Ladies and gentleman, we have our winner, and some of y’all have thrust me into red-faced awkwardness. Our winning entry, *A Coward’s Solution for Unpleasant Recollections*, was penned by moi. 

I will receive this month’s Laureate and have the agony err...I mean honor, of trying to select a worthy prompt for next month. I’ll just get the unavoidable apology over with now. I’m sorry I suck, lol.
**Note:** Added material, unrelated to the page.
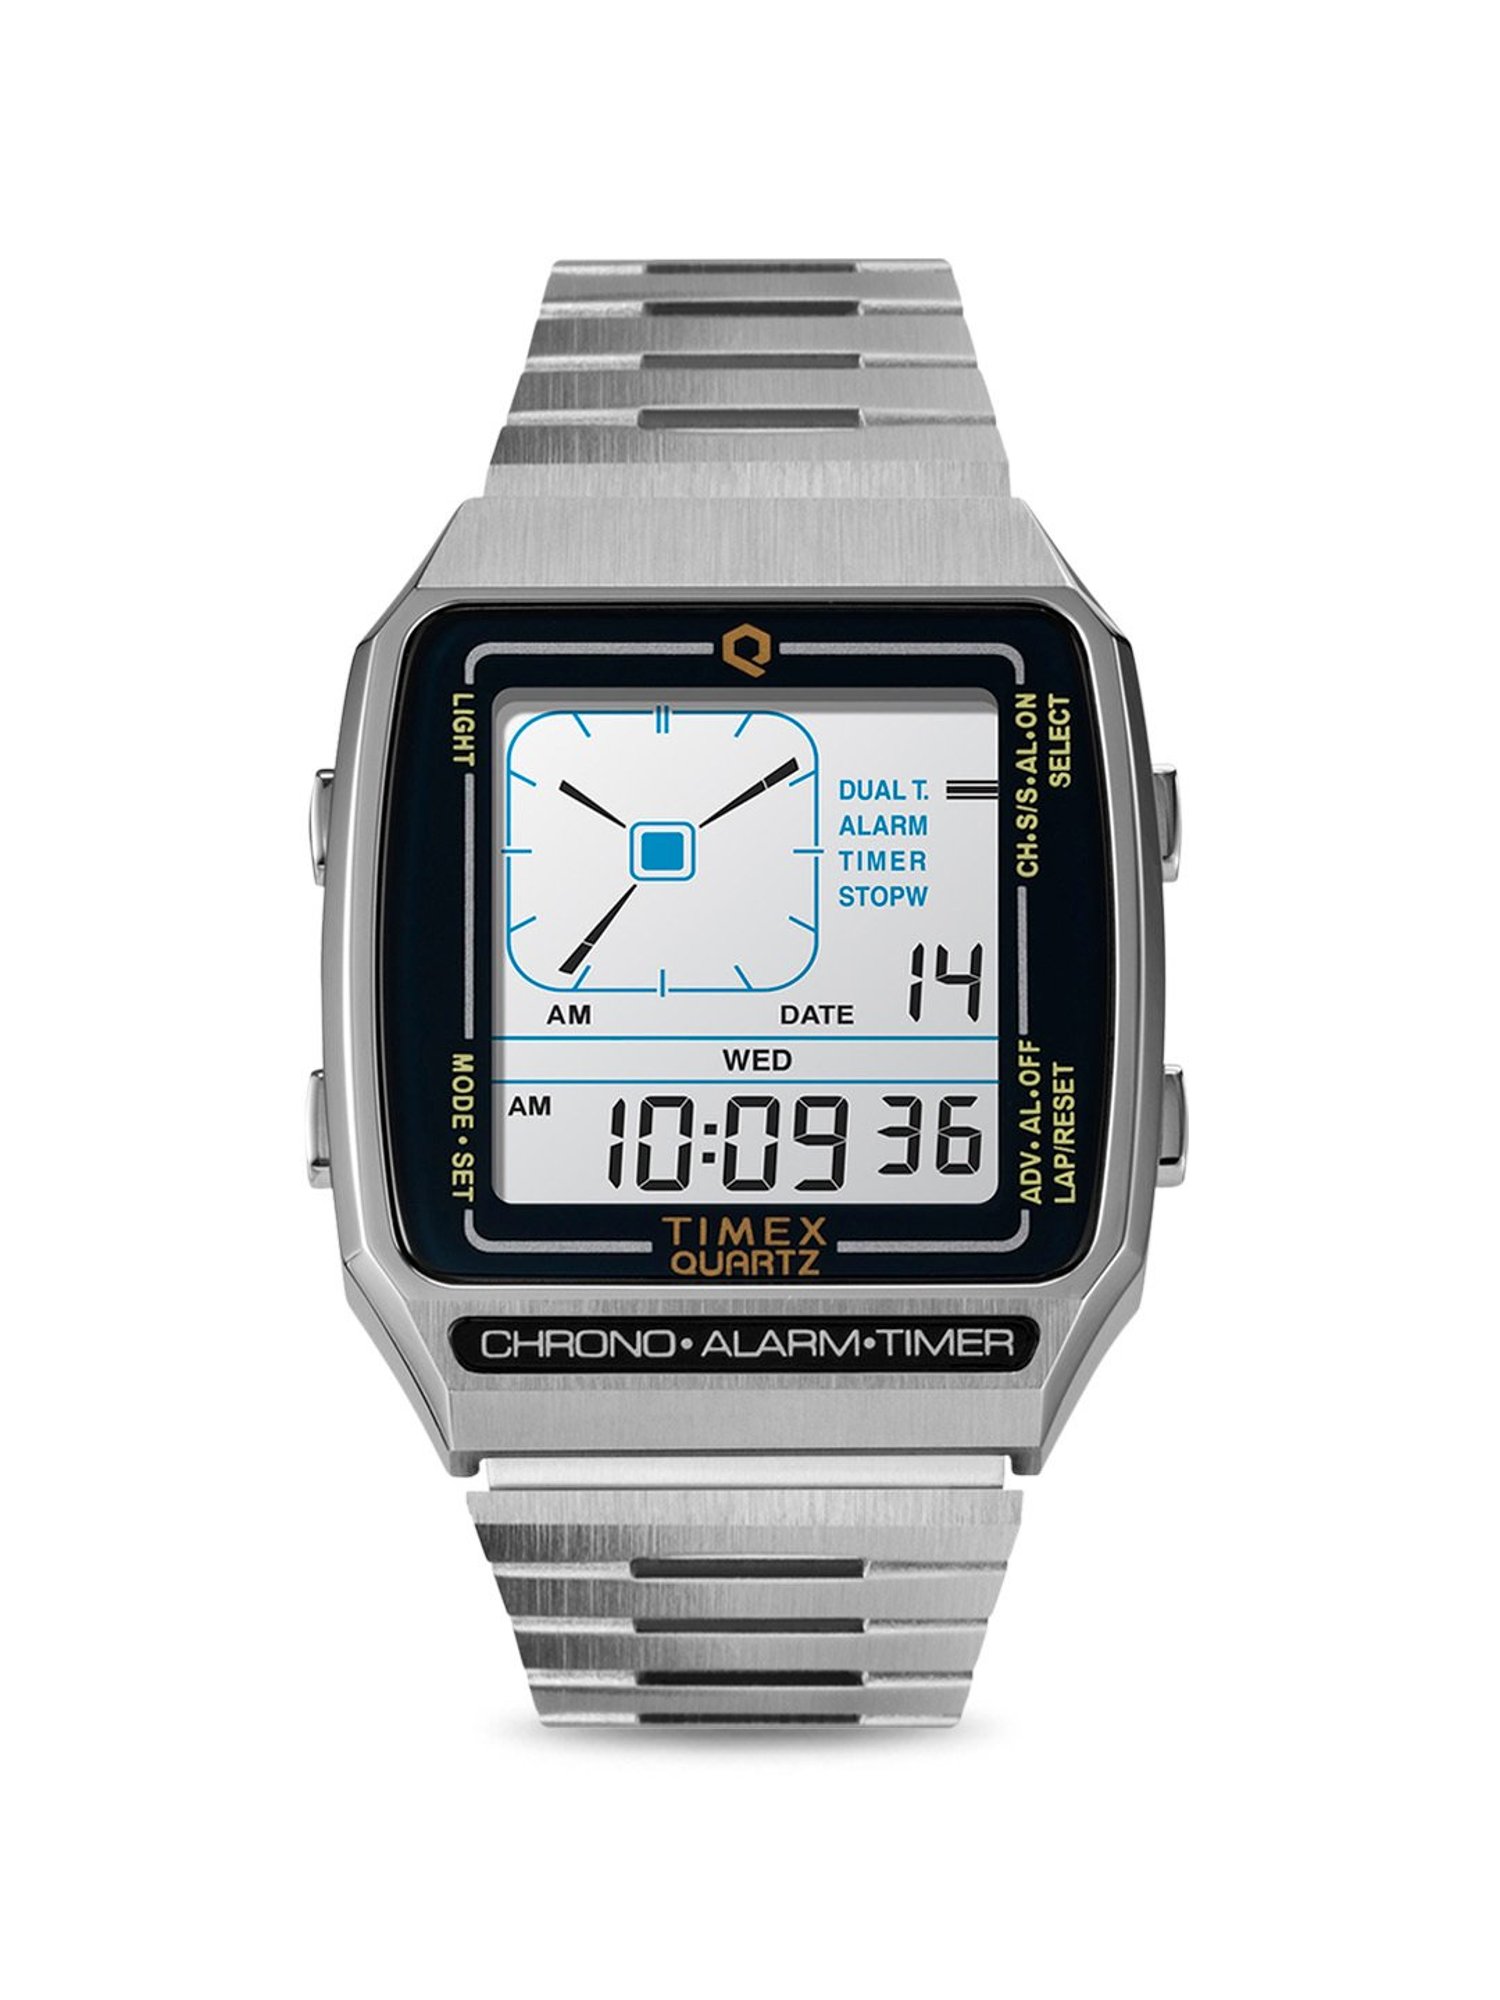 Korslon - luxury minimalist watches that combine quality, aesthetics,  customizability. | Minimalist watch, Custom watch, Watch case

My abundant gratitude to all who voted for me, to be honest, I was surprised, there’s kinks in that piece that try as I might, I’ve never been able to iron out. Triple thanks! I would like to take this opportunity to also thank everyone who still visits this neck of our woods. Every entrant, reader, and voter are appreciated beyond measure. It’s a true blessing that the challenge is still alive and kicking after all these years, and I thank you all profusely for your contributions. You guys are the best. Group hug!!


----------



## Gumby (Jun 25, 2020)

Congrats, sis! Well done, you!


----------



## petergrimes (Jun 26, 2020)

Congratulations, well deserved. I voted for you (and the last winner), I think I'll take up gambling (no, that would be a terrible idea). Seriously though, great poem, really enjoyed it. All the best PG


----------



## andrewclunn (Jun 27, 2020)

Nicely done.  Looking forward to your prompt... no pressure.


----------



## jenthepen (Jun 27, 2020)

Congratulations! Hey, you're getting pretty good at this.


----------



## Chesters Daughter (Jun 29, 2020)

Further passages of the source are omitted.